Die Veranstalter wissen, womit man mich fängt:

Während der gesamten Zeit wird uns eine Kaffeebar mit köstlichem Kaffee den idealen Rahmen zu Gesprächen und Begegnungen ausserhalb der Referate, Austauschrunden, Workshops und Open Space Angebote bieten.

Einen Kaffee bin ich DoSi schuldig, weil sein VfB inzwischen in der Bundesligatabelle vor meiner Hertha steht. Der erste gemeinsame Kaffee mit [depone] ist seit langem überfällig. Außerdem weise ich alle Teilnehmer nachdrücklich auf Punkt 4 aus Simons Impulsen zum Besuch von Konferenzen hin:

Such dir jemanden, der halb so alt oder doppelt so alt ist wie du … und spendier ihm einen Kaffee.

Ich erwarte, in Erlangen schätzungsweise drei- bis viermal mehr jüngere als ältere Teilnehmer anzutreffen (oder irre ich mich da?). Also spekuliere ich als Oldie darauf, dass auf jeden von mir spendierten Kaffee drei oder vier kommen, die mir von Leuten ausgegeben werden, die halb so alt sind wie ich. Das rechnet sich doch!

3. Ich bin neugierig

Wie könnte ich mir erlauben, etwas interessantes Neues, das an den Start geht, zu verpassen?

4. Ich möchte lernen, und ich möchte etwas beitragen

5. Ich liebe das Abenteuer

Die EC treibt teilweise eine riskante Theologie. Das macht einen Teil ihres Reizes aus. Nur wer hohes Risiko fährt, hat außergewöhnliche Chancen. (Ich glaube nicht, dass ich bei irgendeiner theologischen Institution damit durchkäme, einen Risikofaktor als positives Kriterium für theologisches Arbeiten anzusehen, aber in der EC darf ich das, oder?)

Worin dieses Risiko besteht, macht ein Beispiel deutlich, das Siegmund Freud erzählte: Ein Pastor wird zu einem todkranken Versicherungsvertreter gerufen. Die Familie des Sterbenden hofft, der Geistliche werde den Vater auf dem Sterbebett bekehren. Er geht in das Krankenzimmer, und der Besuch zieht sich in die Länge, was die Hoffnungen der Familie nährt. Schließlich kommt der Pastor zurück ins Wohnzimmer – mit dem Ergebnis, dass der Kranke ihm eine Versicherungspolice verkauft hat.

In dem Prozess, uns als Christen (zunächst theologisch) intensiv auf Kultur und Gesellschaft einzulassen, wird sich zeigen, wer auf Dauer wen stärker beeinflusst. Dieser Prozess ist nicht ohne Risiken.

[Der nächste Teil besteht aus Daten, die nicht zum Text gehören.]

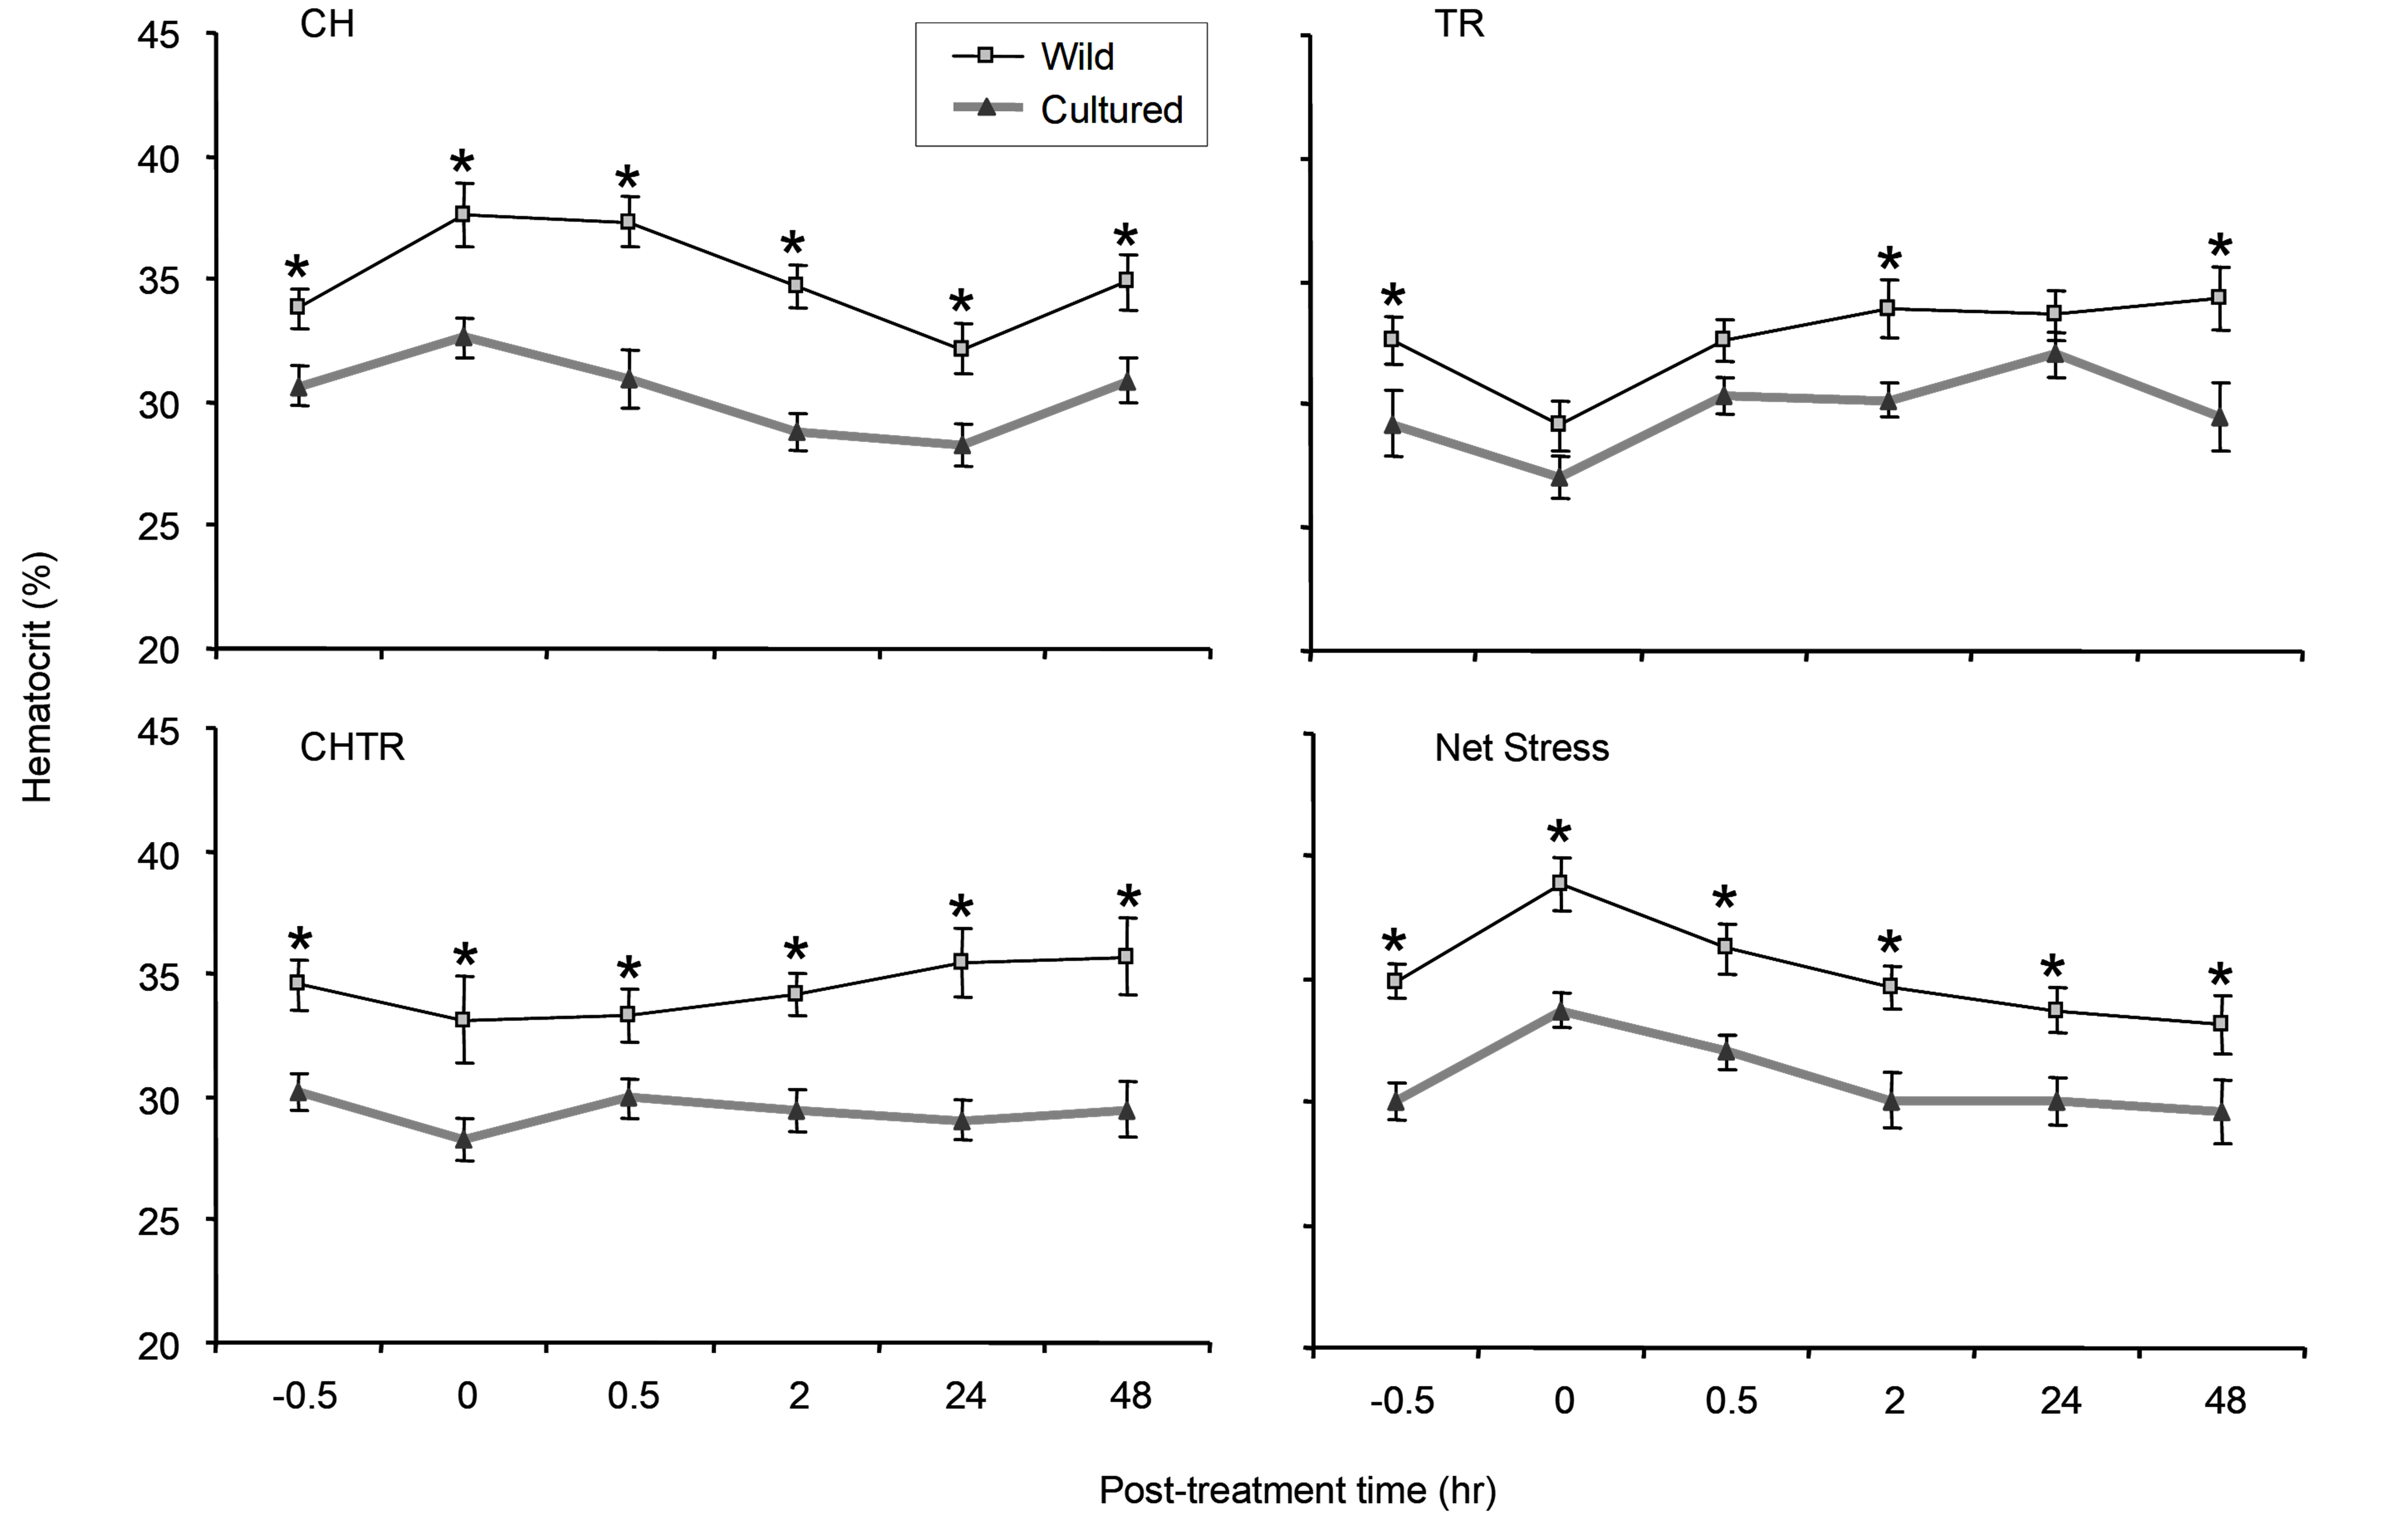 Four graphs. X axis in all graphs is post-treatment time ranging from -0.5 to 48 hours. Y axis in all graphs is Hematocrit levels ranging from 20 to 45%. Mean hematocrit levels in wild Delta Smelt post-treatment in all experiments were higher at every hour interval than mean hematocrit levels in cultured Delta Smelt. Significant difference in mean hematocrit levels between wild and cultured Delta Smelt are seen at every hour interval in the CH, CHTR and NS experiments, and at the -0.5, 2 and 48 hour intervals in the TR experiment.
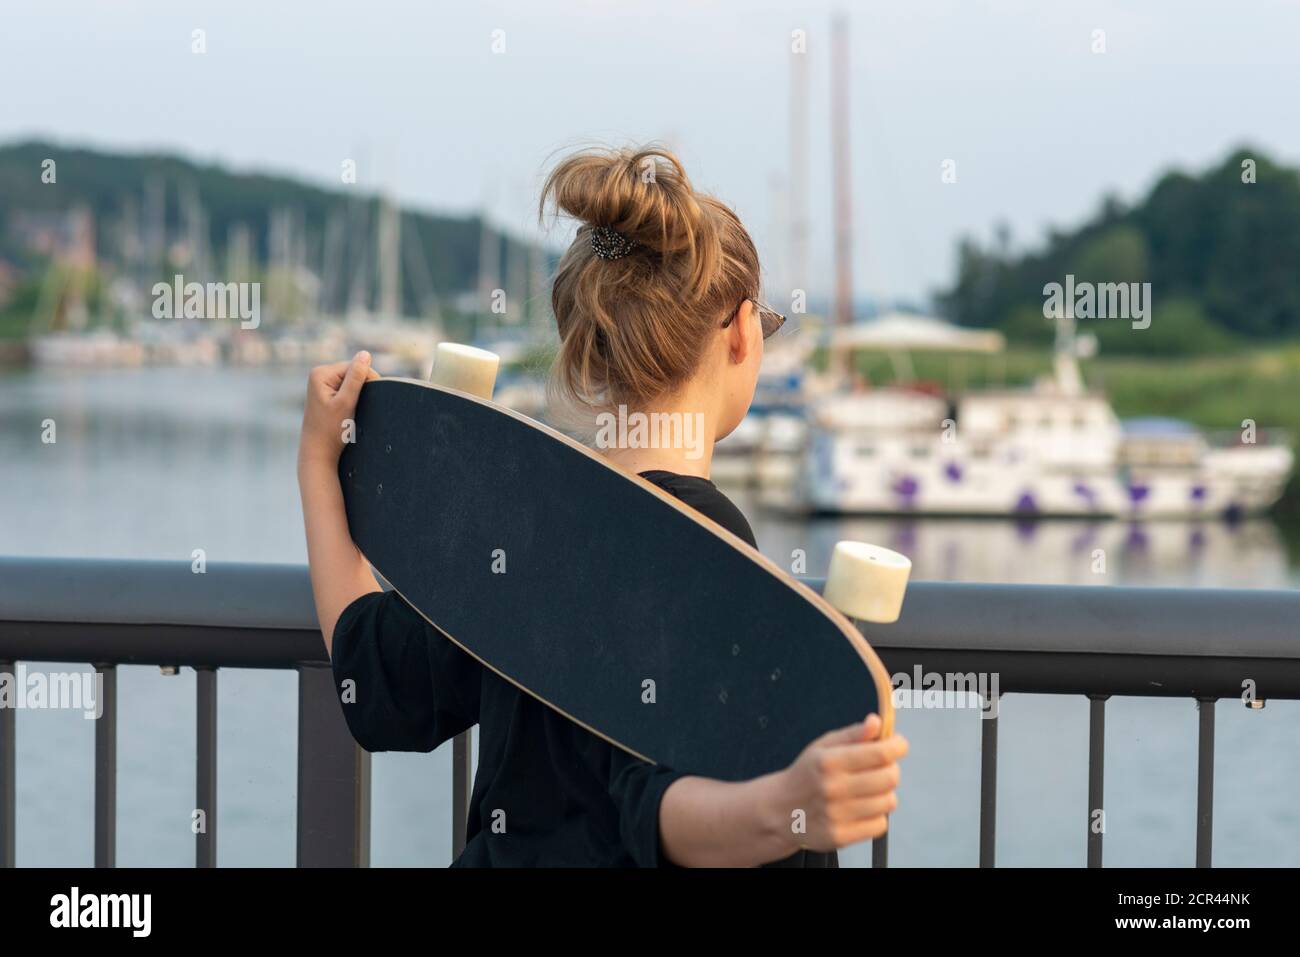 Girl stands with a longboard on a bridge in a sailing harbor Stock Photo

Ob am Ende unsere Gesellschaft transformiert sein wird oder wir zur postmodernen Variante eines harmlosen Kulturprotestantismus geworden sein werden, ist durchaus eine Frage. Aber gibt es eine Alternative?

Freuds Pastor könnte das Risiko vermeiden, indem er nicht zu Sterbenden geht, aber hat er diese Wahl? Christen, die ihr Pfund im sicheren Acker der Rechtgläubigkeit und gemeindlicher Abgeschlossenheit vergraben, werden im Evangelium nicht gelobt (Matthäus 25,14-30). Gelobt werden die, die es vermehren, indem sie es investieren, was doch einschließt, ihr Pfund dem Risiko des Marktes auszusetzen.

Ein größeres Abenteuer als die Theorie ist jedoch die Praxis. Die EC fordert meinen Lebensstil als Christ an einigen Stellen so stark heraus, dass ich gar nicht weiß, wie ich das machen soll. Aber seit wann sind Christen zu etwas berufen, was möglich ist? Die EC lässt mir weniger Möglichkeiten als manche andere Variante des Christentums, Nachfolge weichzuspülen, bis sie praktikabel ist. Doch Christsein wird spannend, wenn man anfängt, das zu tun, was einem unmöglich ist.

3 Kommentare

  1. [depone]:

    freue mich auf den kaffee mit dir. grüße.

  2. Ralf:

    Riskante Theologie? Ein Freund von mir sagt gerne: “Wirklich gute Theologie ist immer haarscharf an der Ketzerei vorbei…” Schade, das du in Erlangen bist. Der Kaffee wäre dir (ich bin 28) vermutlich sicher gewesen… Gruss, Ralf

  3. Emergent Marburg, Hamburg & Erlangen at einAugenblick.de:

    [...] Haso: • Fünf Gründe, warum ich nach Erlangen fahre [...]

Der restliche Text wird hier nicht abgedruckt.